Winn-Dixie Stores agrees to class action settlement

A law office recently explained that a retail chain came to an agreement with its shareholders to settle a securities class action lawsuit.

Robbins Geller Rudman and Dowd, LLP, noted that a class action settlement was reached between Winn-Dixie Stores, Inc., and its shareholders related to the litigation that was filed after the company agreed to a merger with BI-LO, LLC. The settlement, if approved, would offer shareholders a cash payment or an appraisal determination.

The initial deal would have shareholders earn $9.50 per share of stock owned in Winn-Dixie Stores. However, this may not have been high enough.
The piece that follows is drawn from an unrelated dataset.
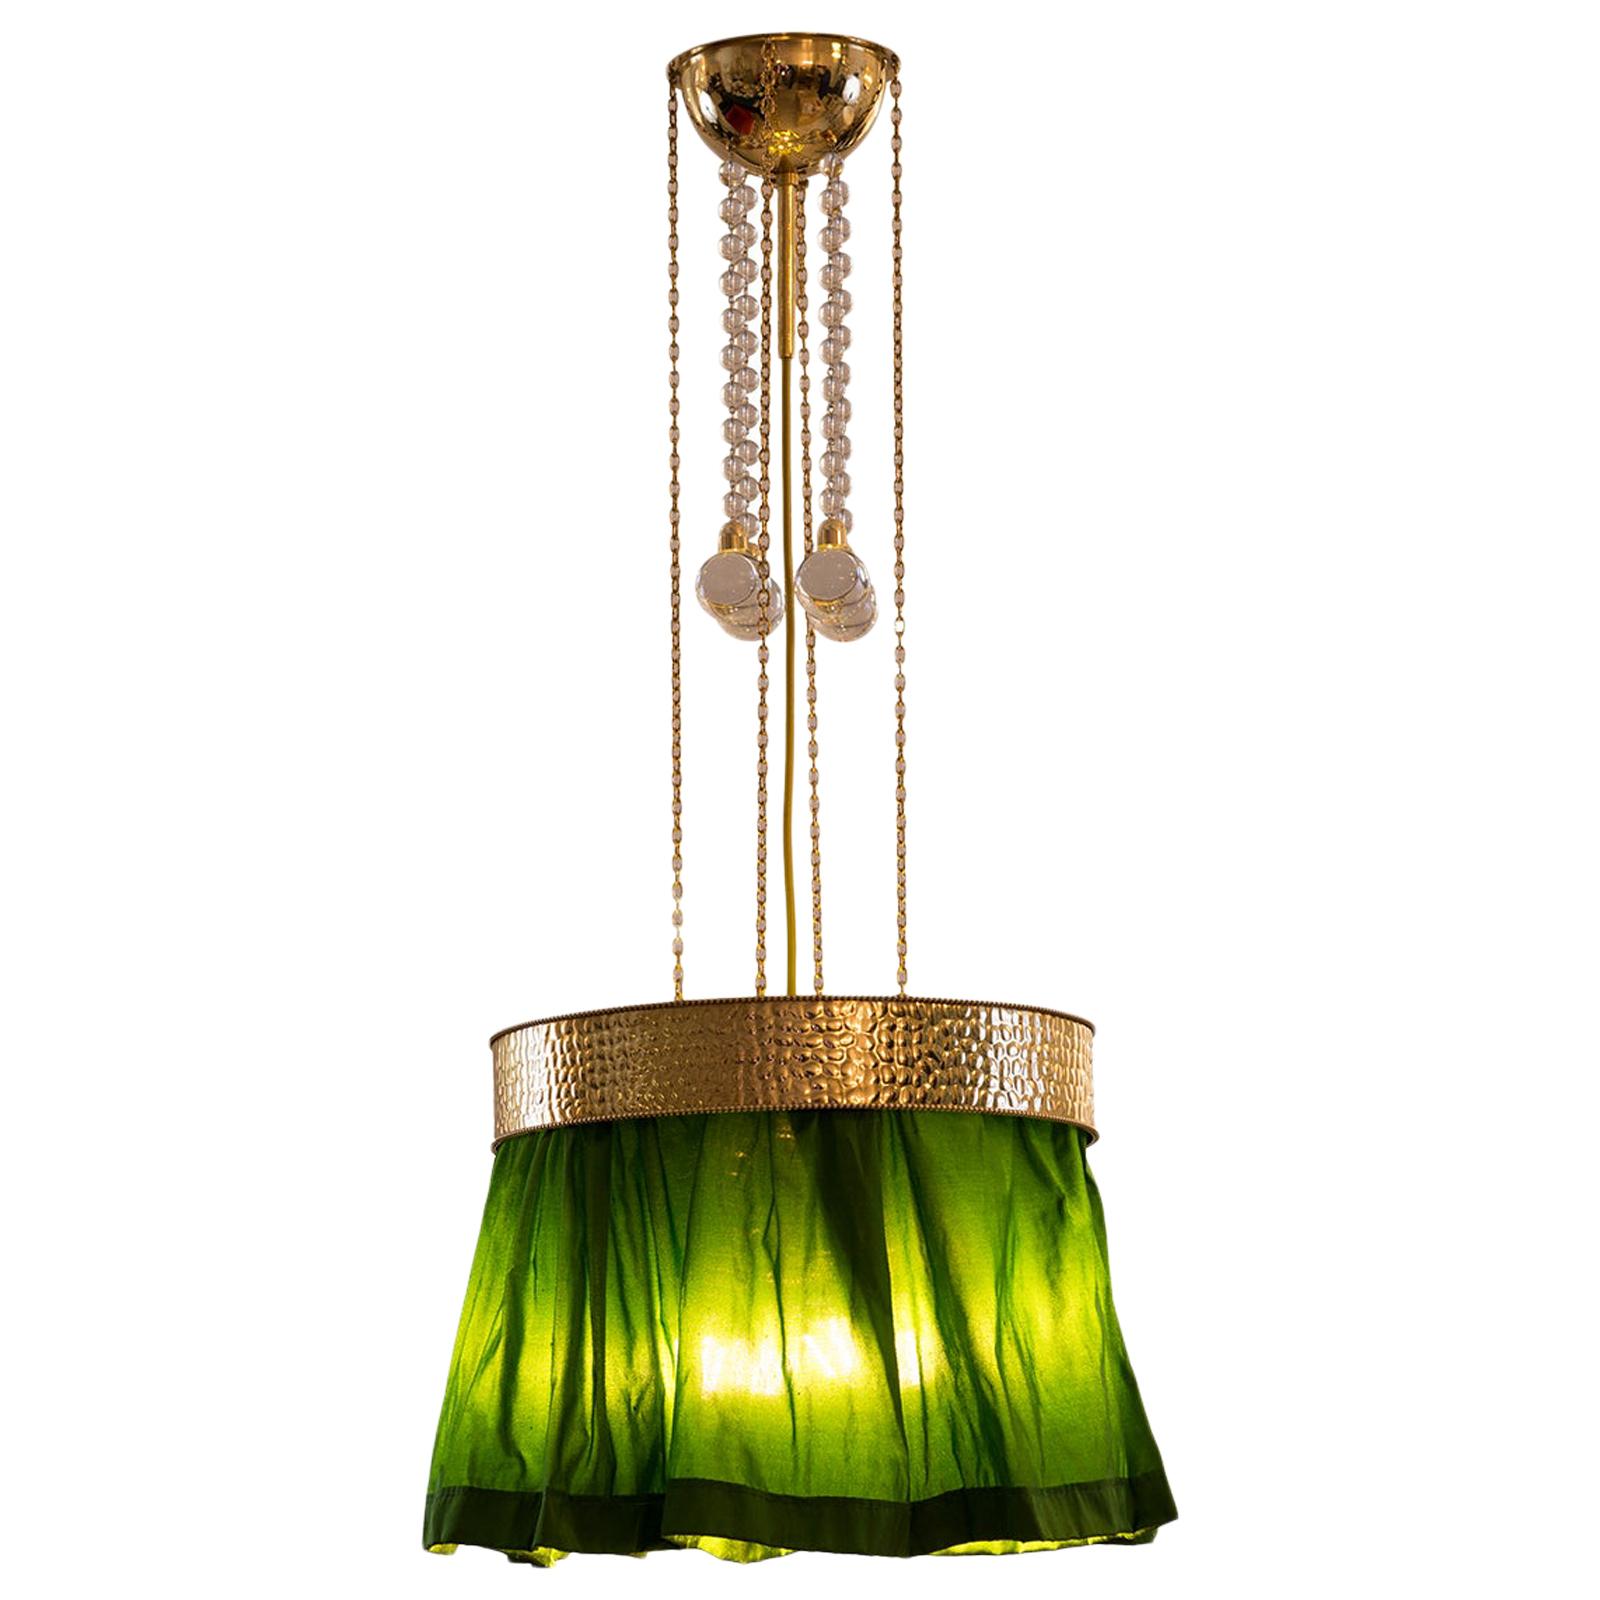 Josef Hoffmann & Wiener Werkstaette Hanging Lamp Chandelier, Pendant, Re-Edition

With this settlement, the company's leaders will admit no wrongdoing.

It is an option to take part in the cash payment, and in order to do this, it is necessary to send in the proof of claim form within 30 days from the effective date. For those interested in the appraisal determination, it is mandatory to send in $1 per share, and fill out and send in the appraisal election form no latter than Oct. 21, 2014.

Any individuals who are not interested in being a part of the settlement need to exclude themselves by Oct. 21, 2014. Those who are objecting some or all of the settlement decision need to voice their concerns by Nov. 5, 2014. It is an option to learn more about the settlement by visiting the shareholders settlement website.
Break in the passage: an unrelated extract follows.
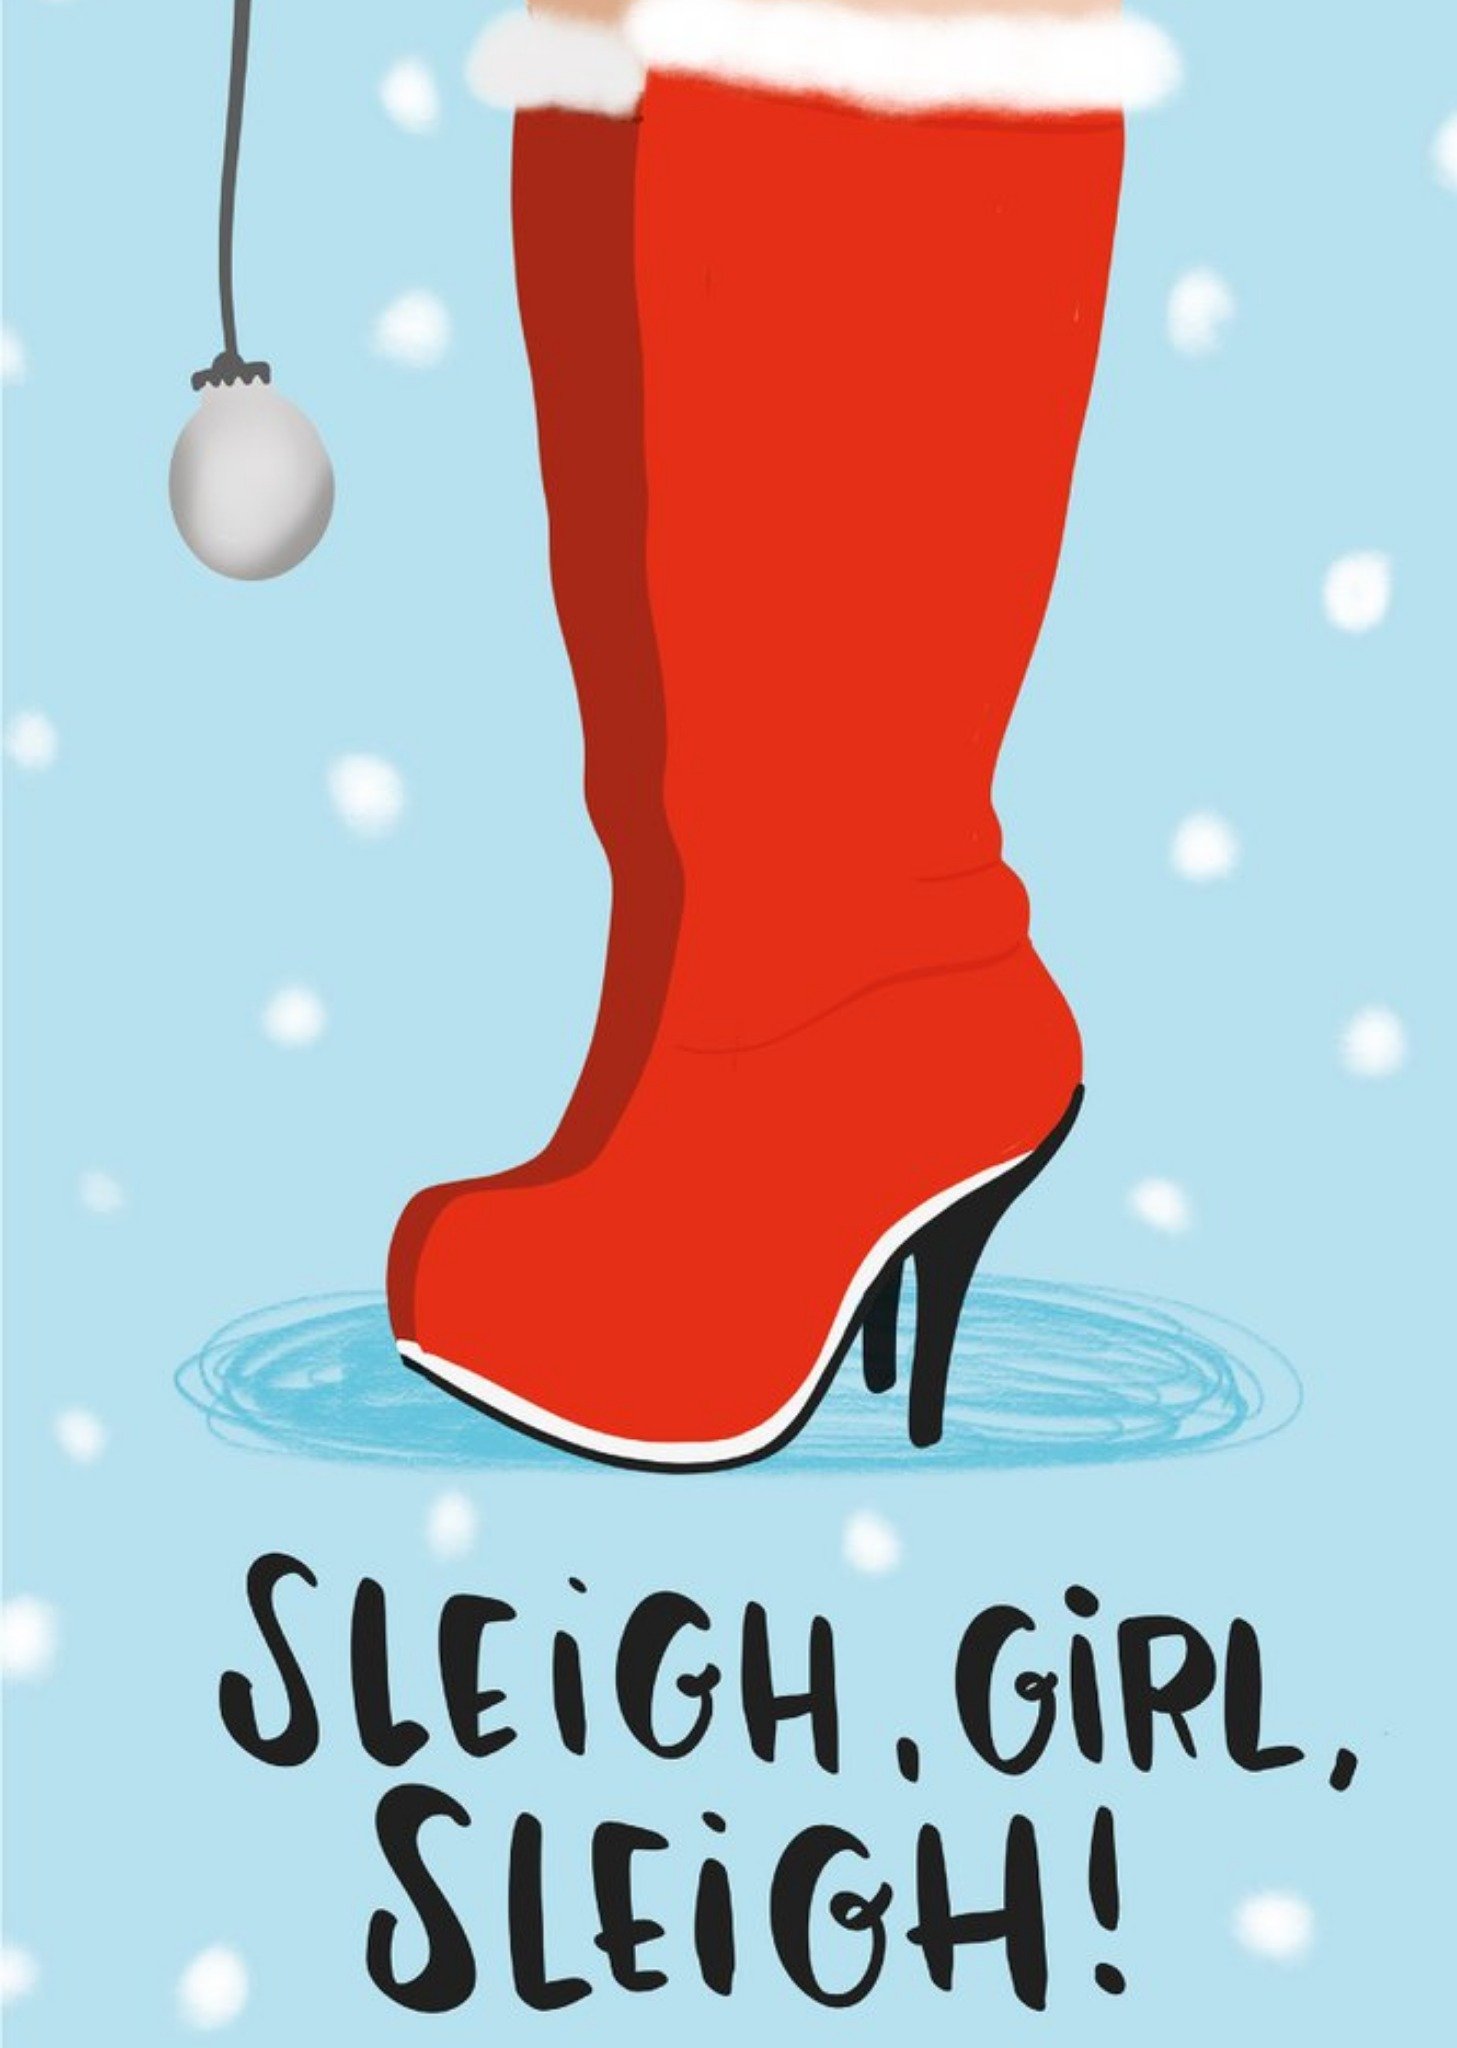 Moonpig Modern Fun Illustration Sleigh Girl Sleigh Christmas Card, Large

The court will have a final settlement hearing on Dec. 5, 2014, and the judge will determine the details of the case.

Shareholders who are interested in learning more about the settlement have the option to speak with the law office. Cullin O'Brien is the best person to contact, and can be reached by telephone.

Investigation began in 2011
Two law offices started an investigation of the merger agreement between Winn-Dixie Stores and BI-Lo in Dec. 2011.
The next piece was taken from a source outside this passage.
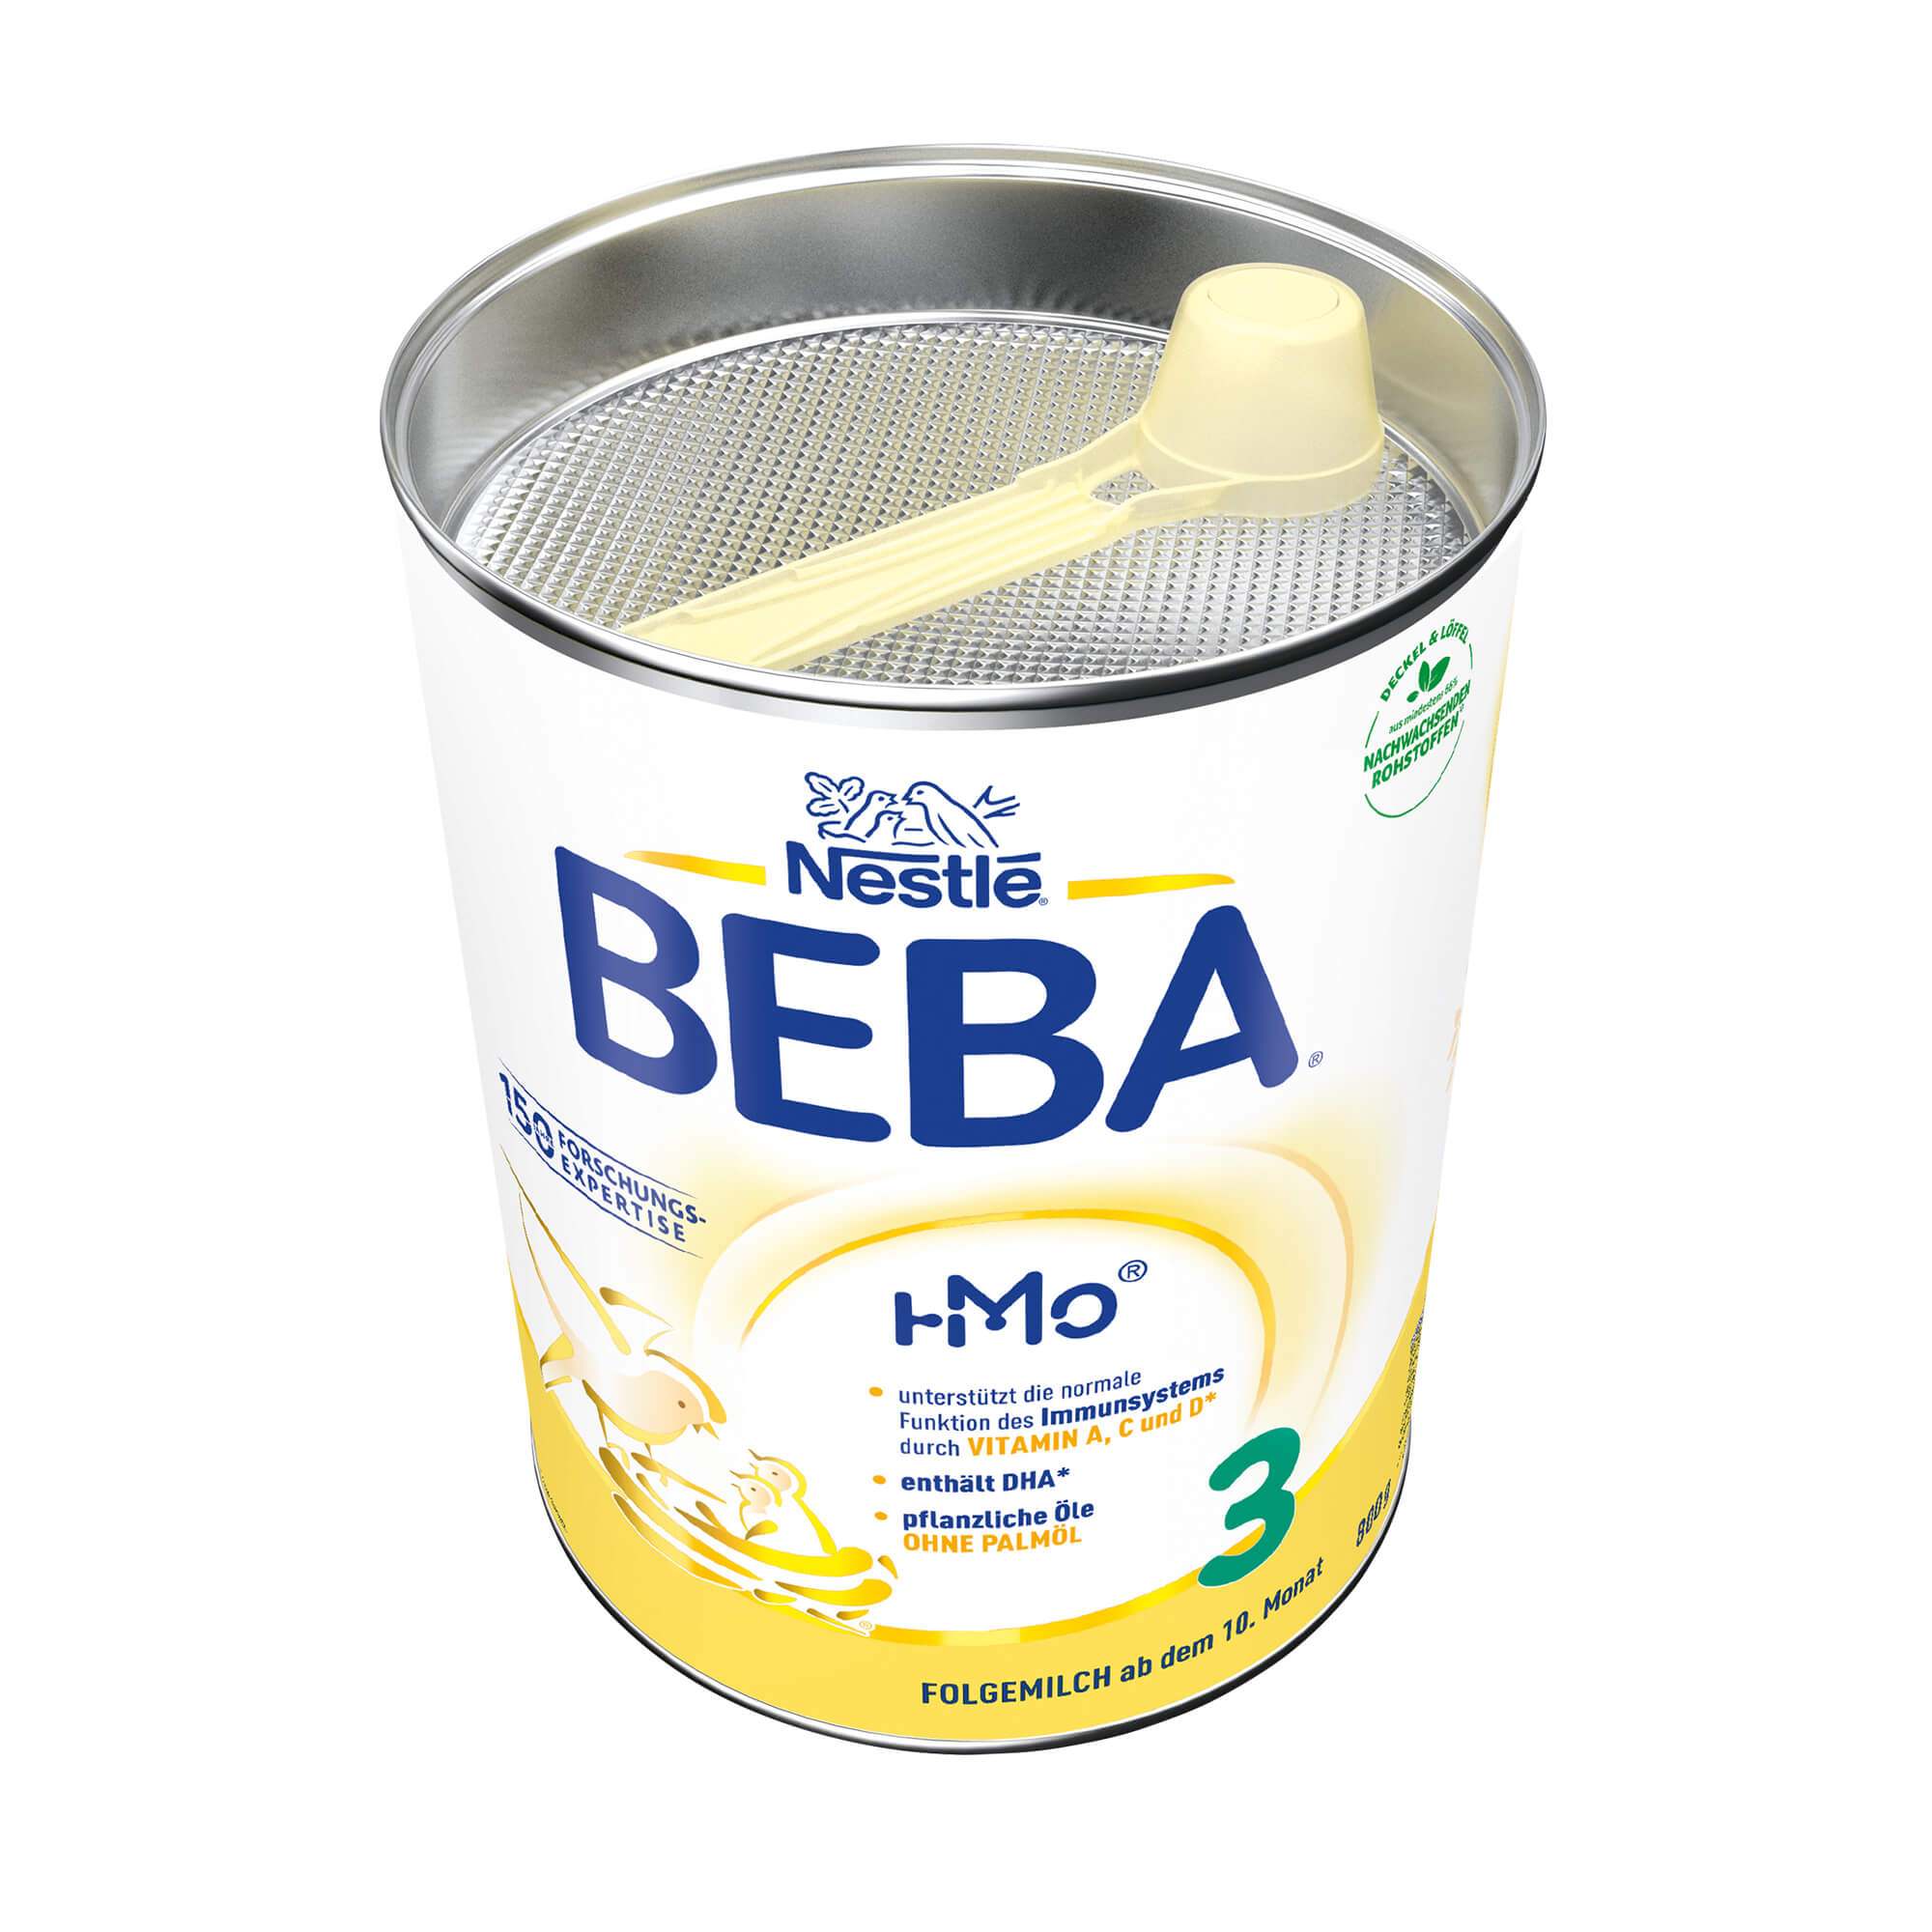 Nestlé BEBA 3 Folgemilch ab dem 10. Monat

The Briscoe Law Firm, along with Powers Taylor, LLP, noted that it started seeking answers to shareholders' claims three years ago, due to investors taking issue with the $9.50 in cash per share agreed in the deal. The reason for the issues was due to the target price of shares being $11, as one analyst measured it.

This merger had a total value of close to $560 million, and shareholders may not have been given enough money in the deal.